++++ Source data ++++

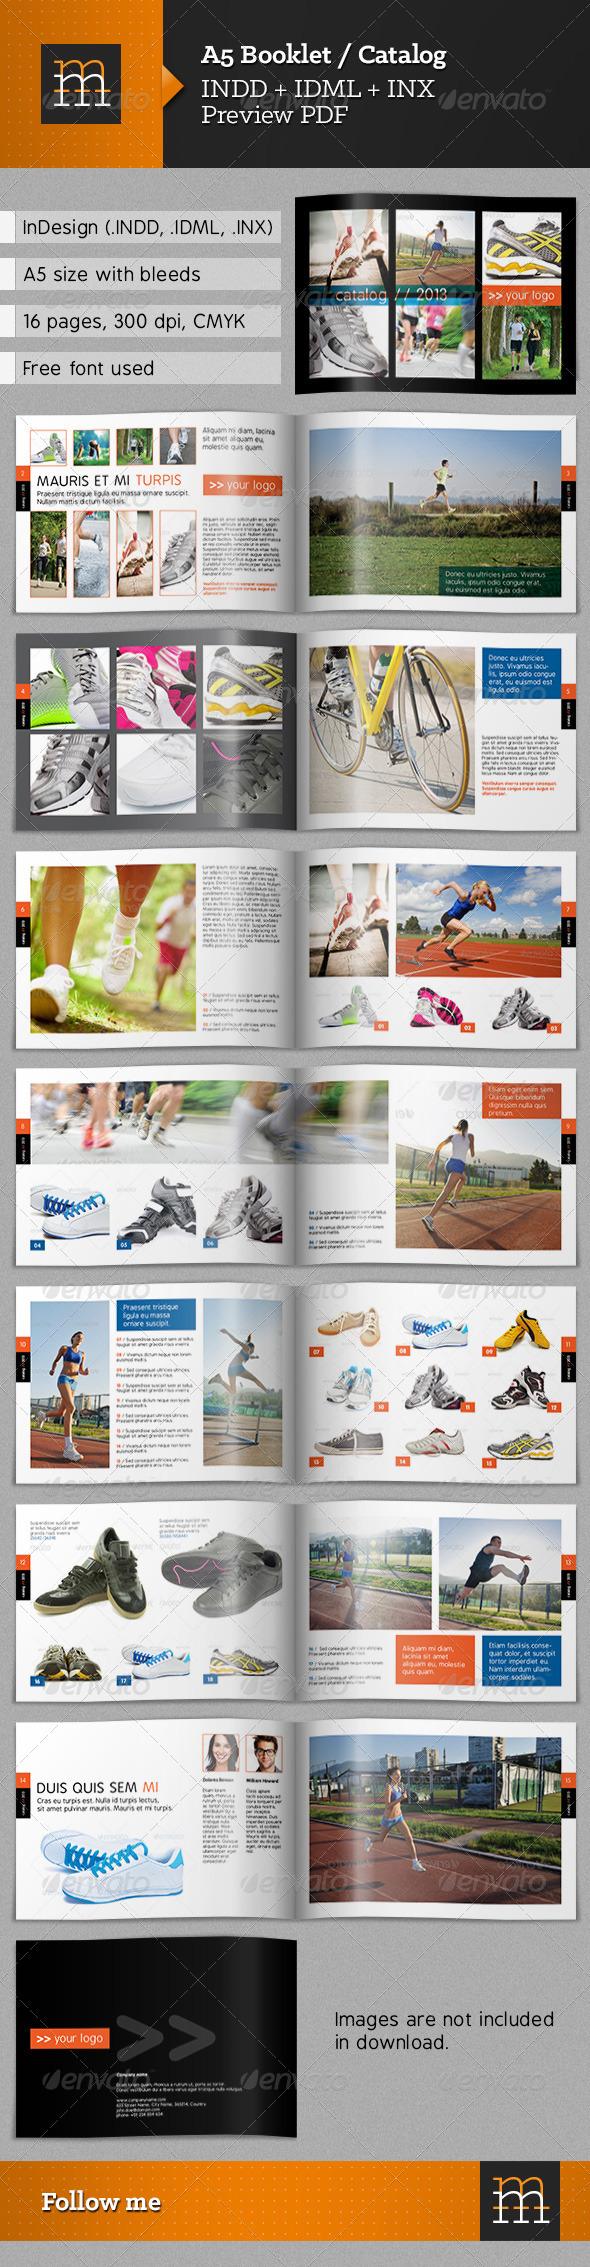 A5 Booklet / Catalog - Catalogs Brochures
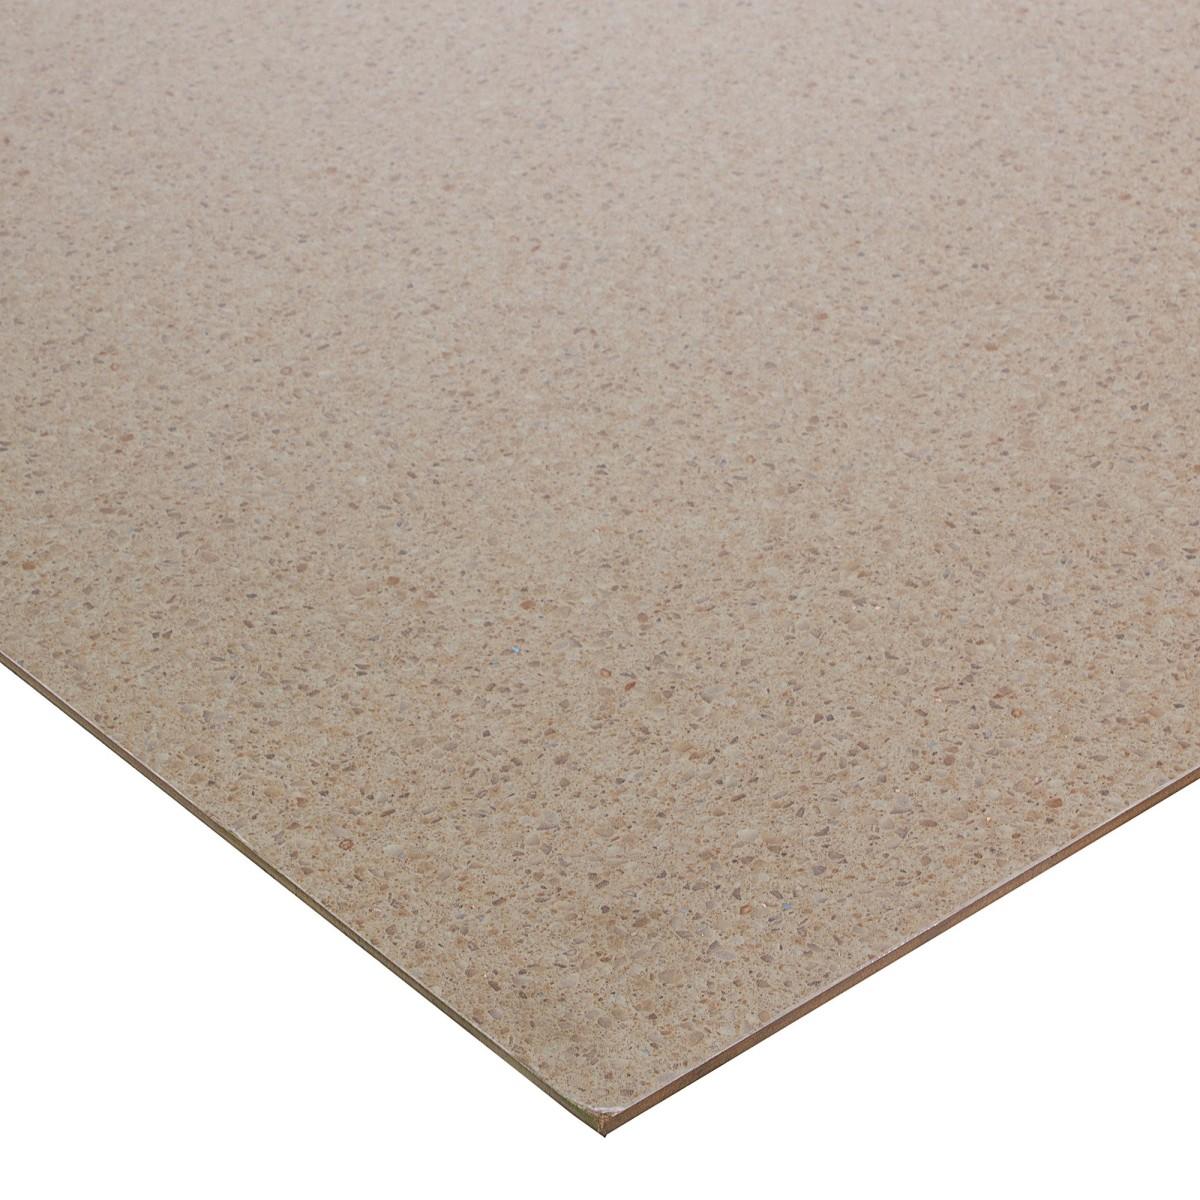 Стеновая панель №422 305х0.4x60 см МДФ цвет камень
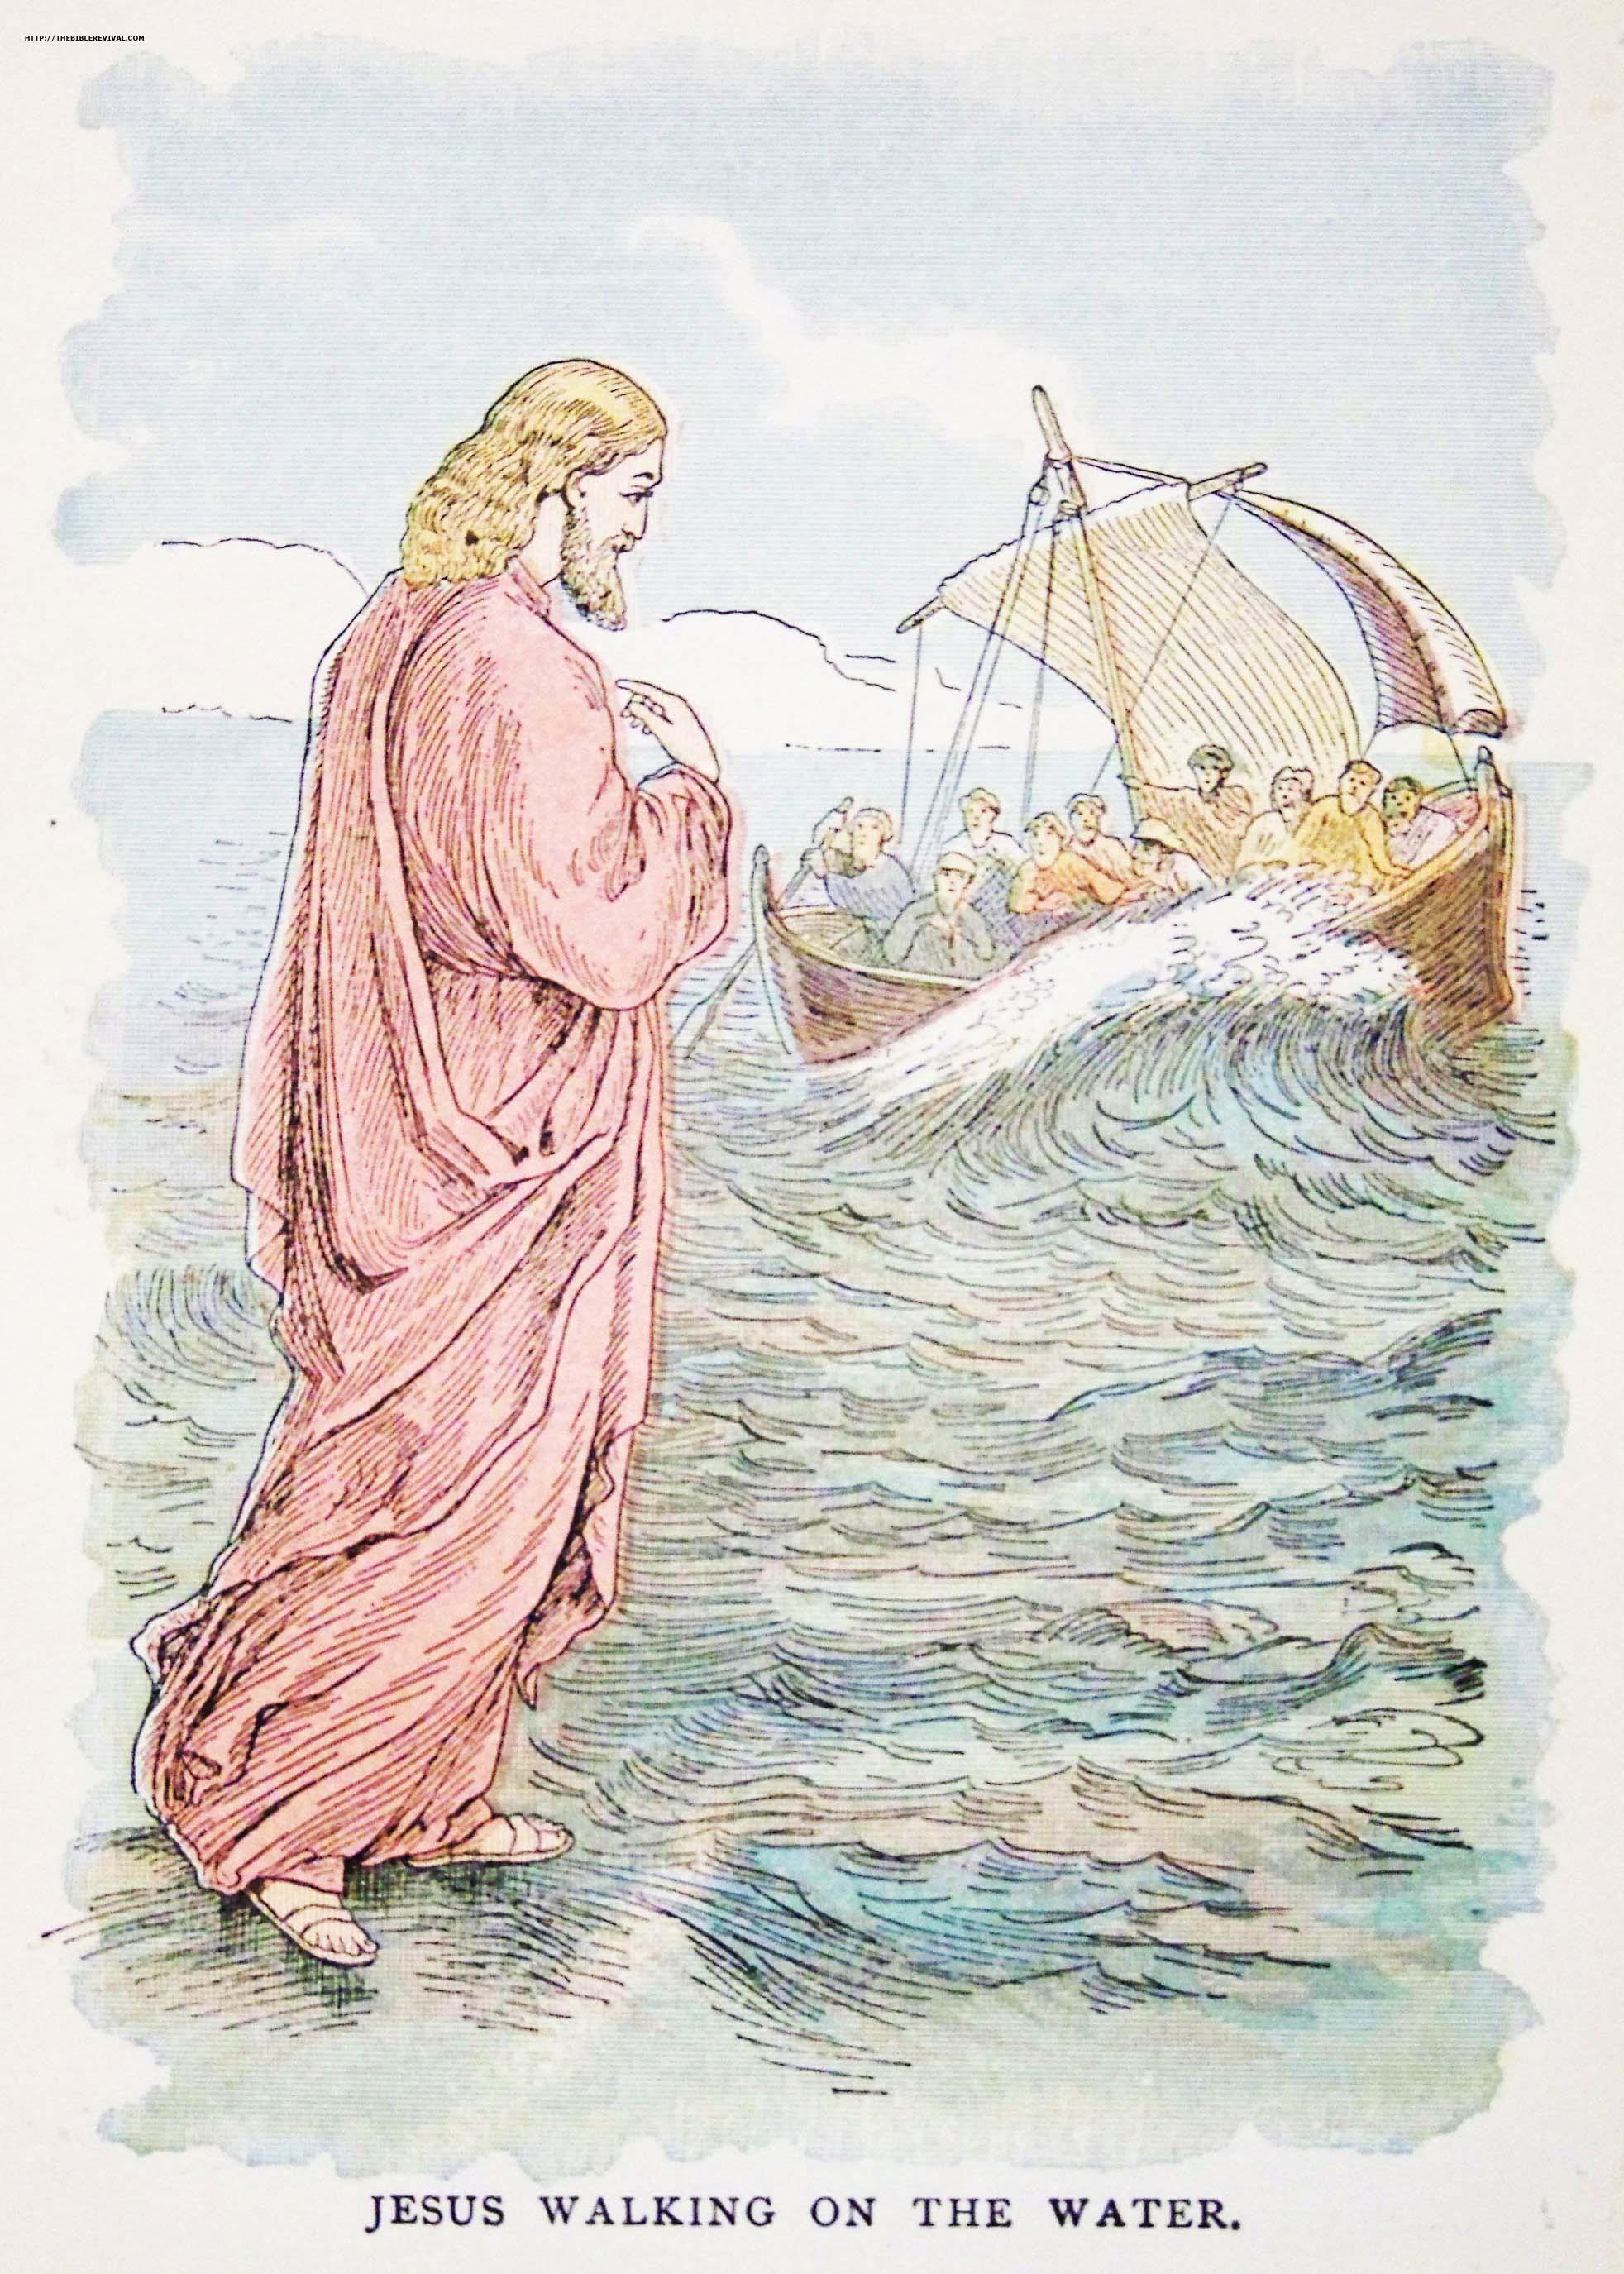 Mark 6-50 jesuswalkingonthewater
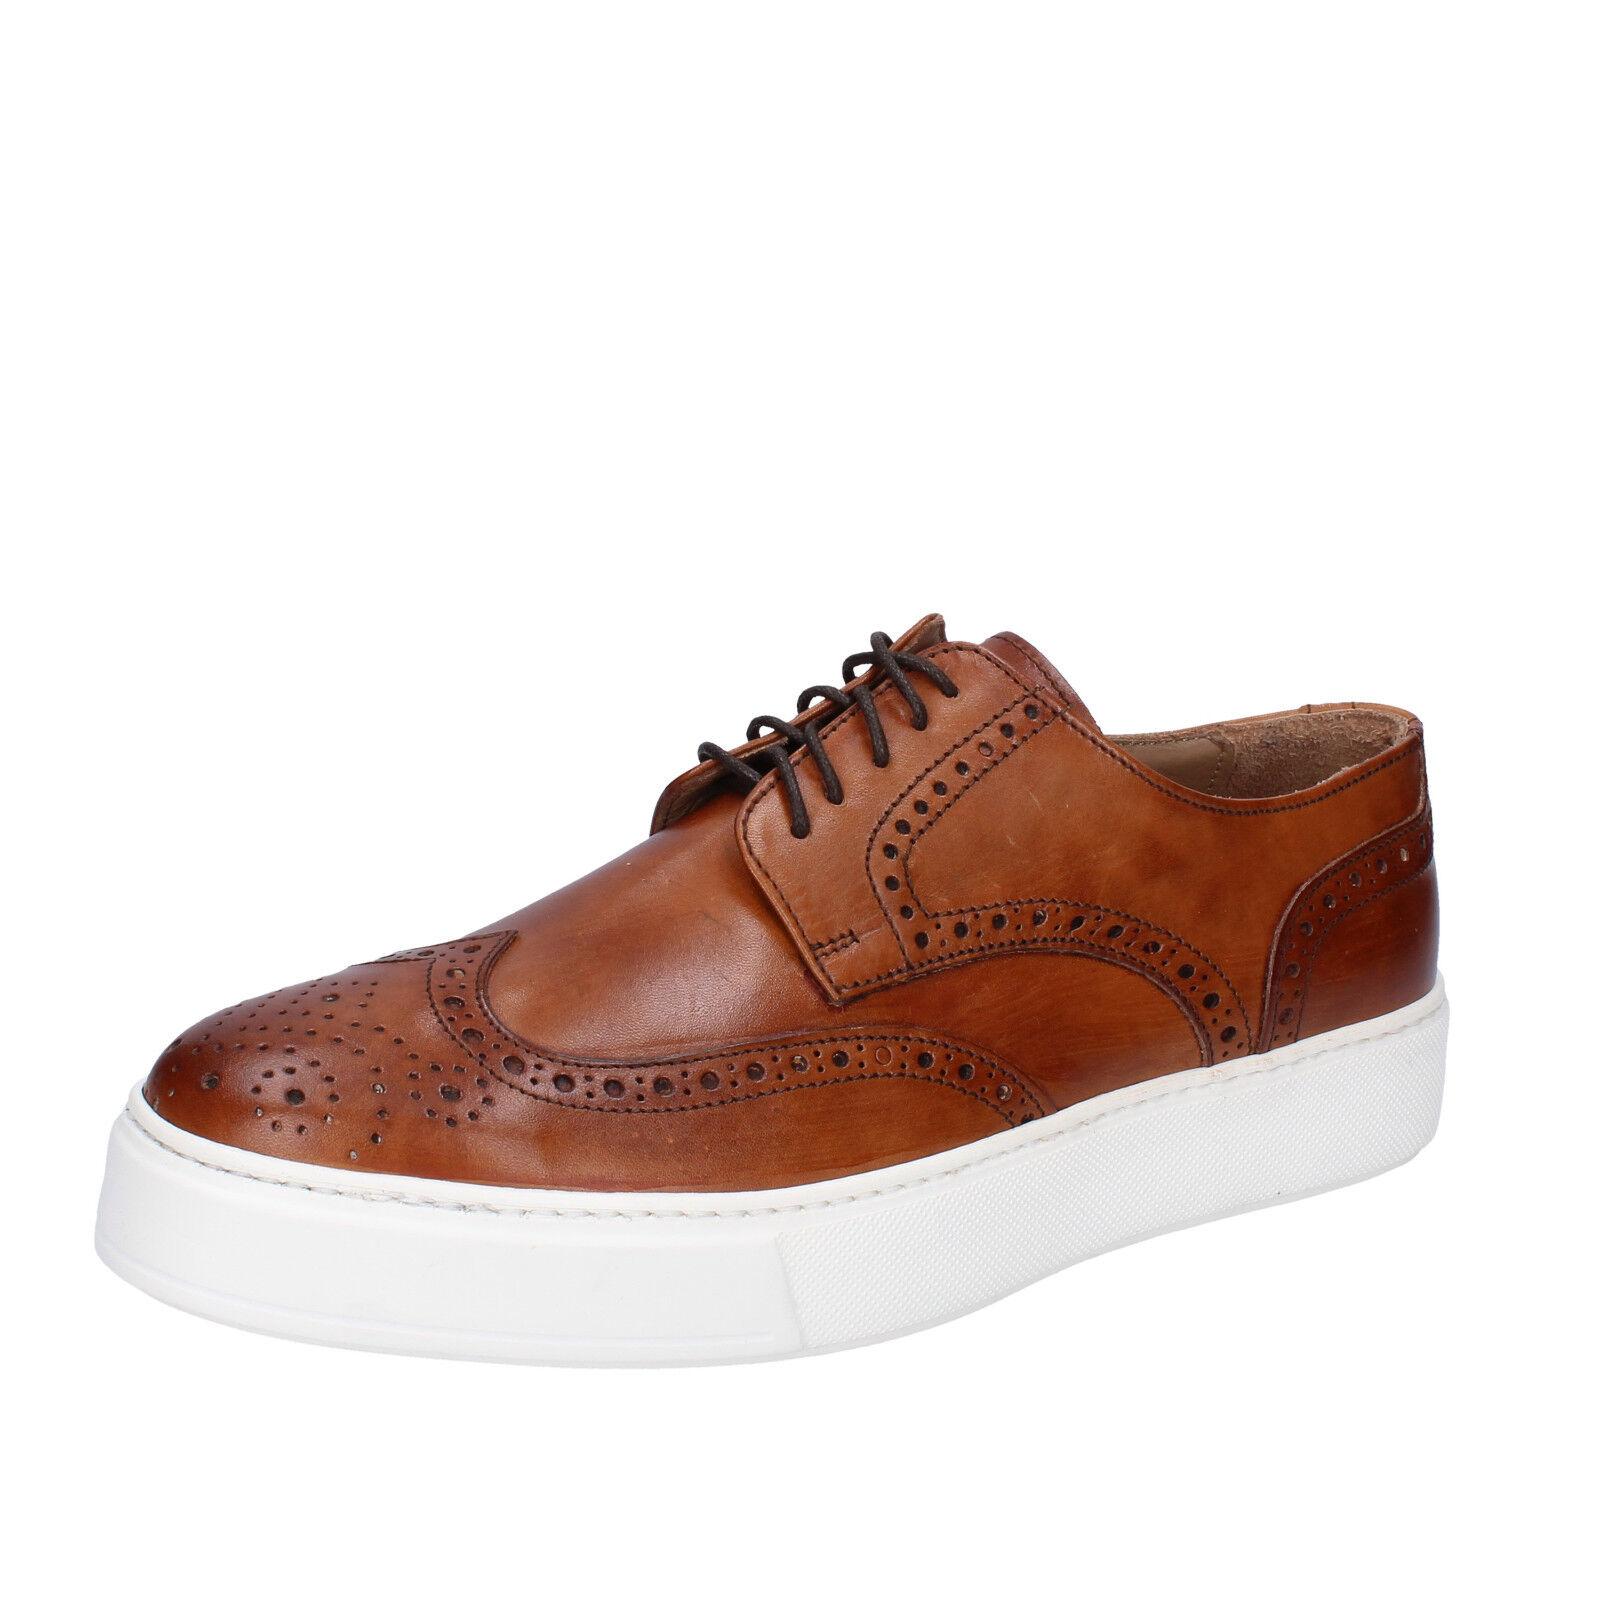 Herren schuhe DI MELLA 43 EU elegante sneakers braun leder AB930-D

++++

Required action. Please print the data above once more, exactly as it appears, with no pictures.

Exercise response.
 A5 Booklet / Catalog - Catalogs Brochures
 Стеновая панель №422 305х0.4x60 см МДФ цвет камень
 Mark 6-50 jesuswalkingonthewater
 Herren schuhe DI MELLA 43 EU elegante sneakers braun leder AB930-D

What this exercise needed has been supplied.